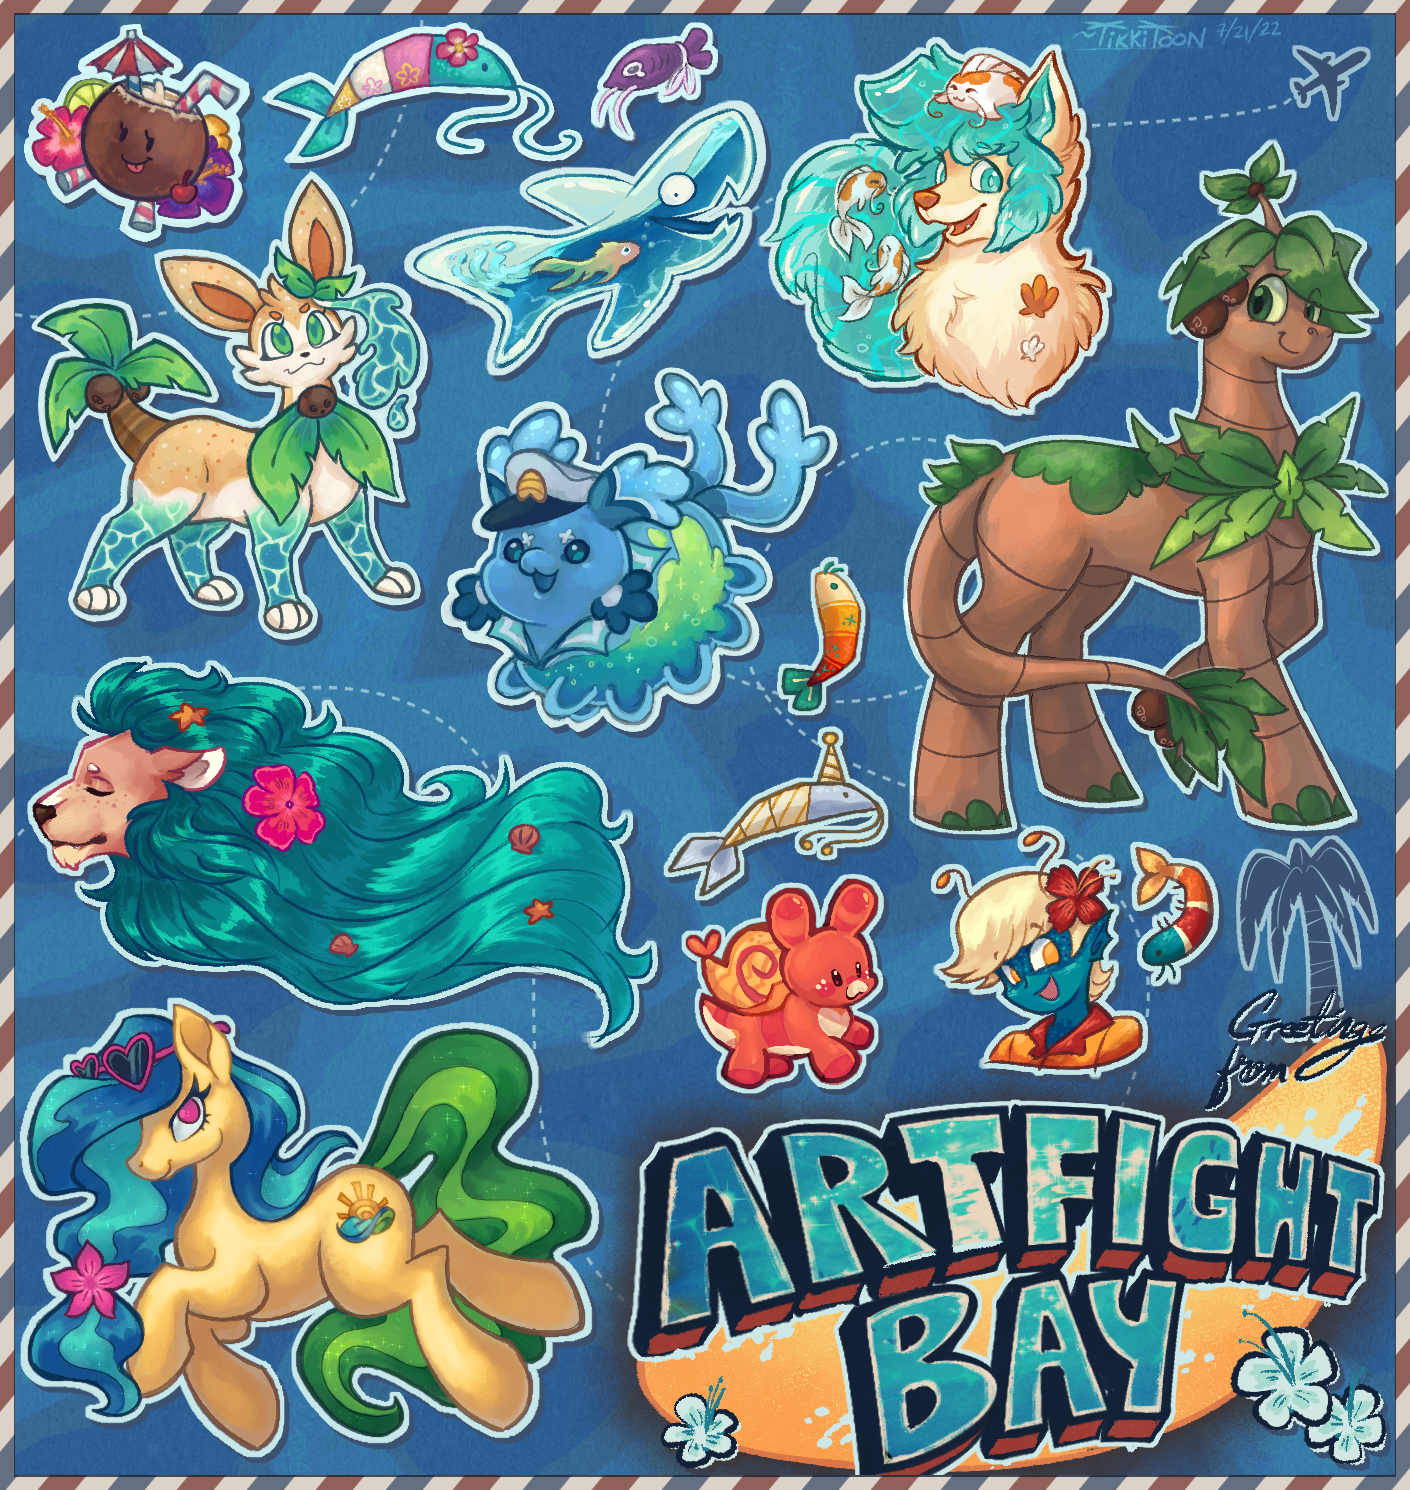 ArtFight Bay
---
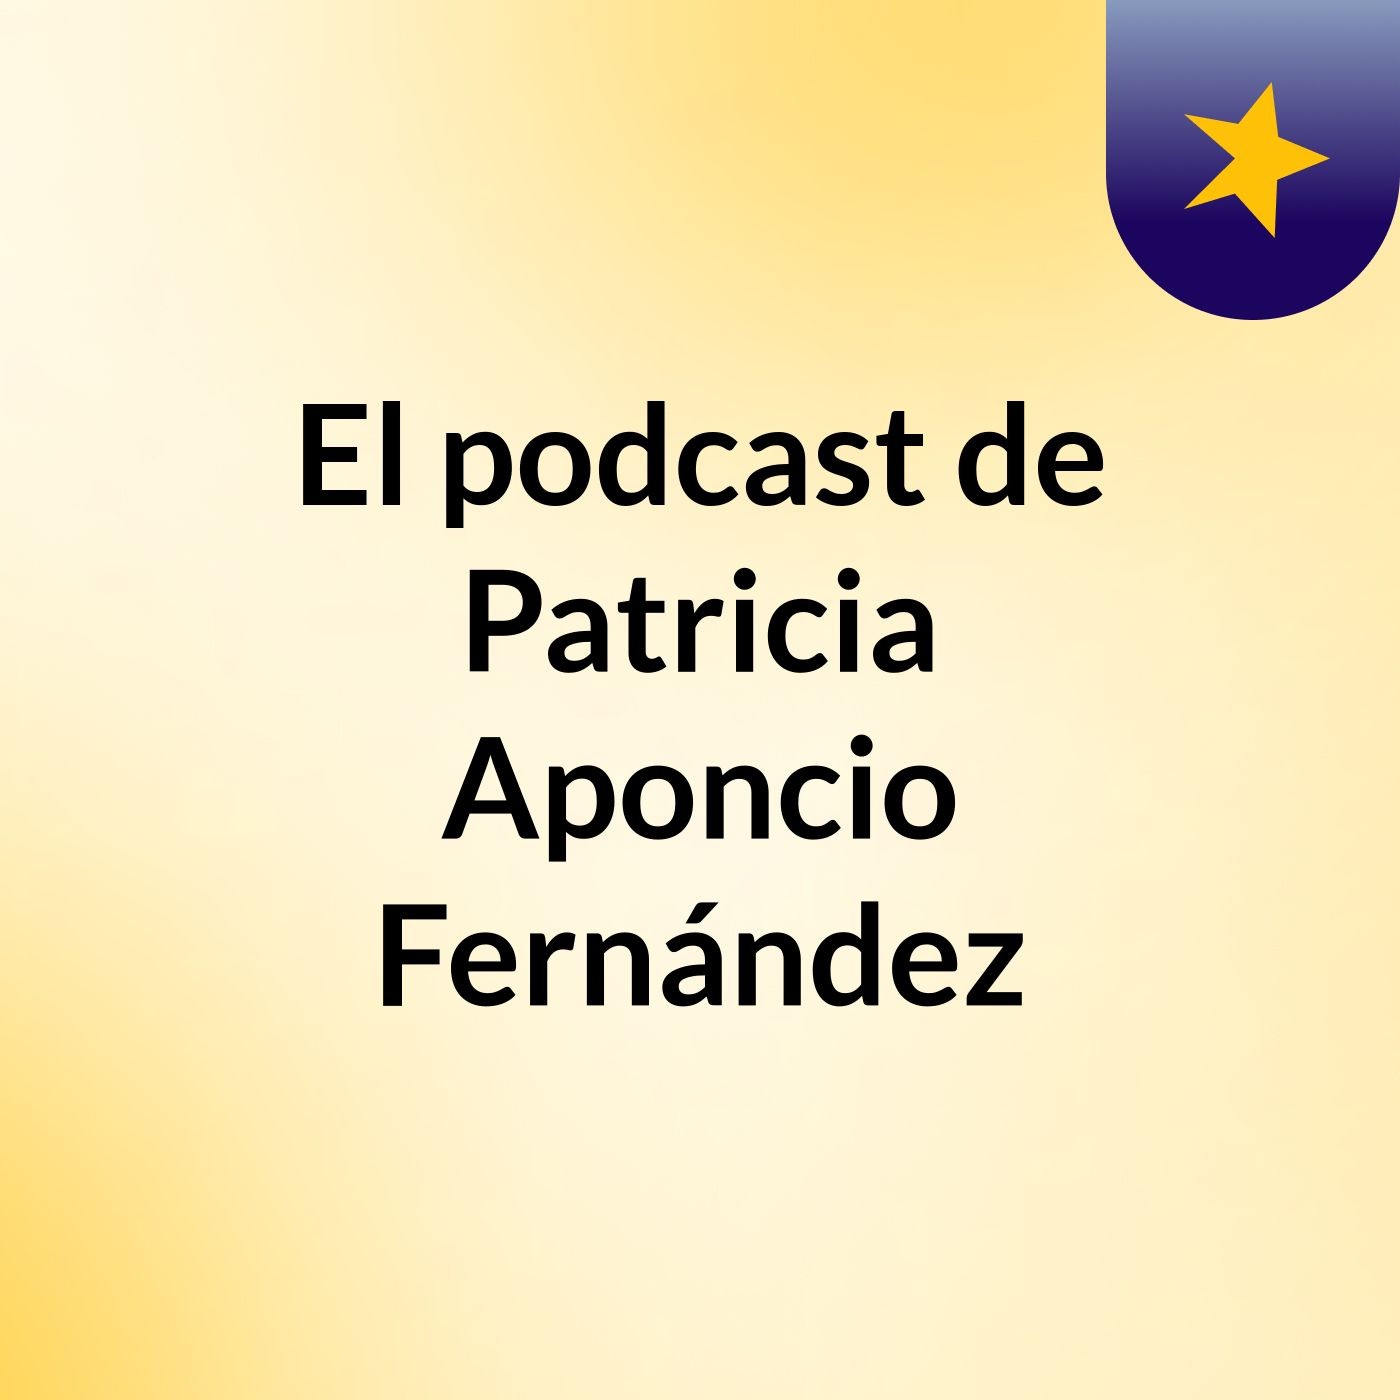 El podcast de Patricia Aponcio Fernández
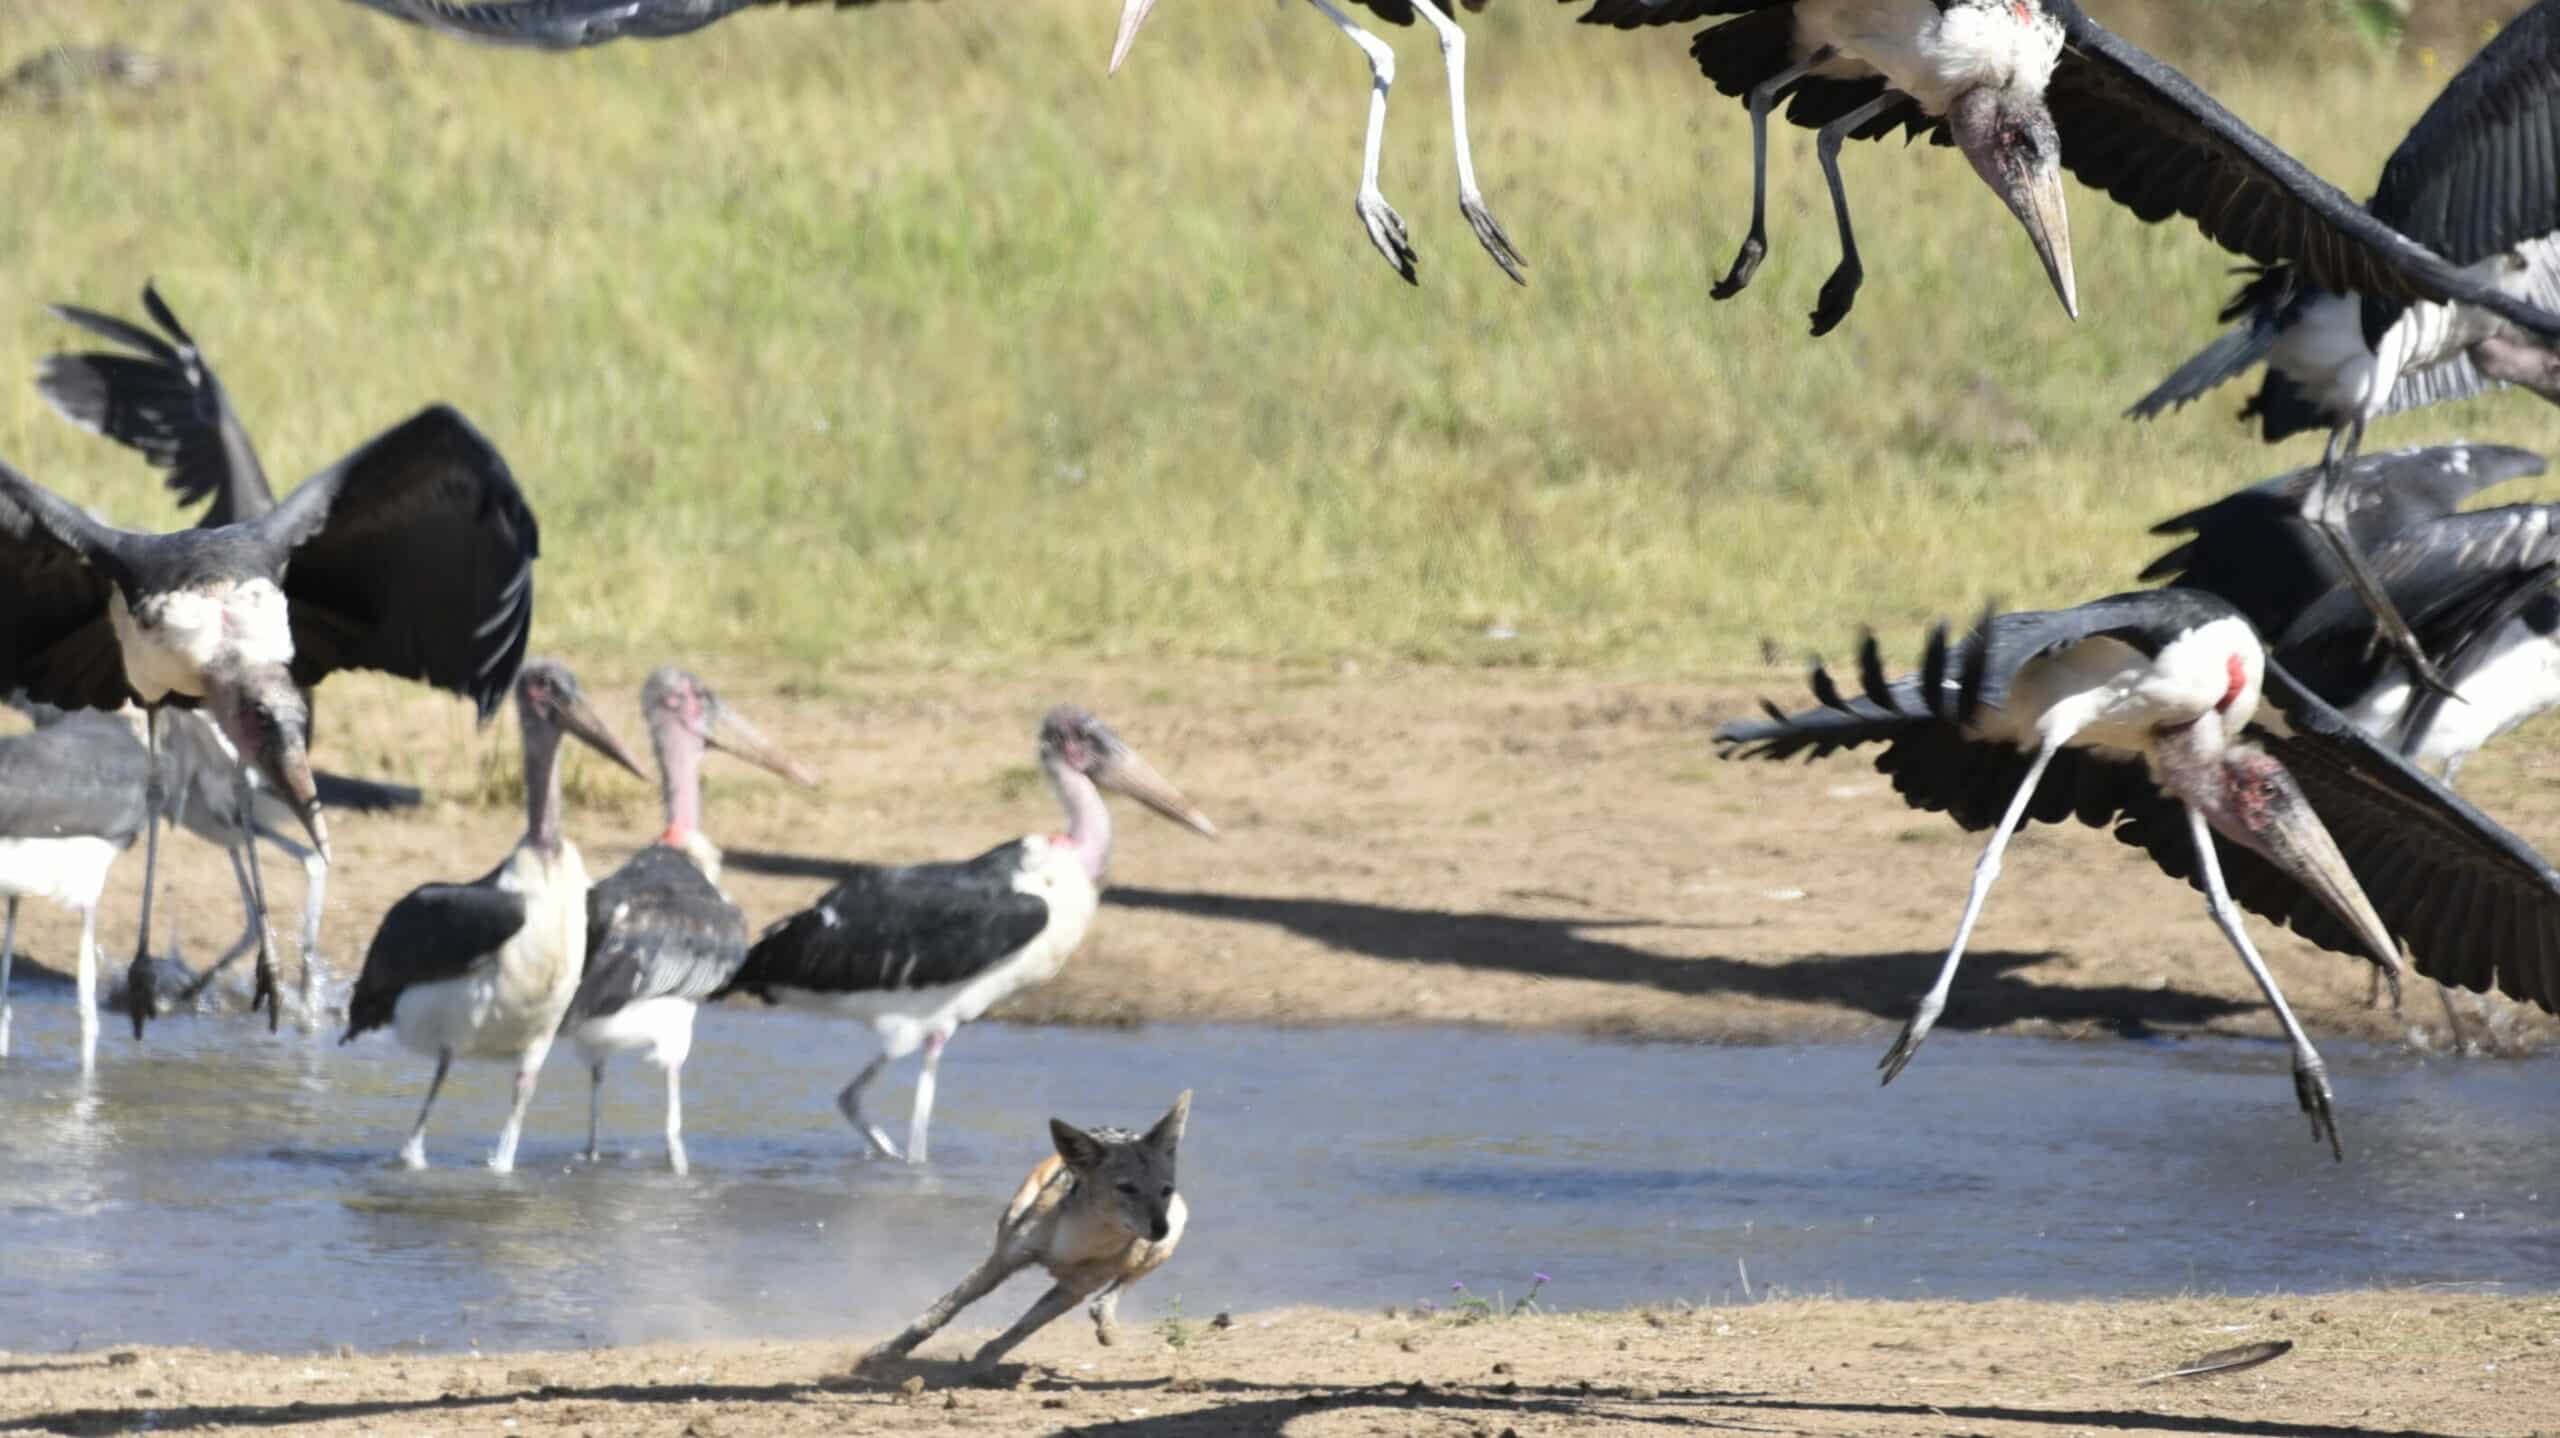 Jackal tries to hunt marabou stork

### Required work
Once the line with "El podcast de Patricia Aponcio Fernández" is found above, print it and every line after it through the line with "Jackal tries to hunt marabou stork", exactly. Pictures stay out.

### Response for this exercise
 El podcast de Patricia Aponcio Fernández
 Jackal tries to hunt marabou stork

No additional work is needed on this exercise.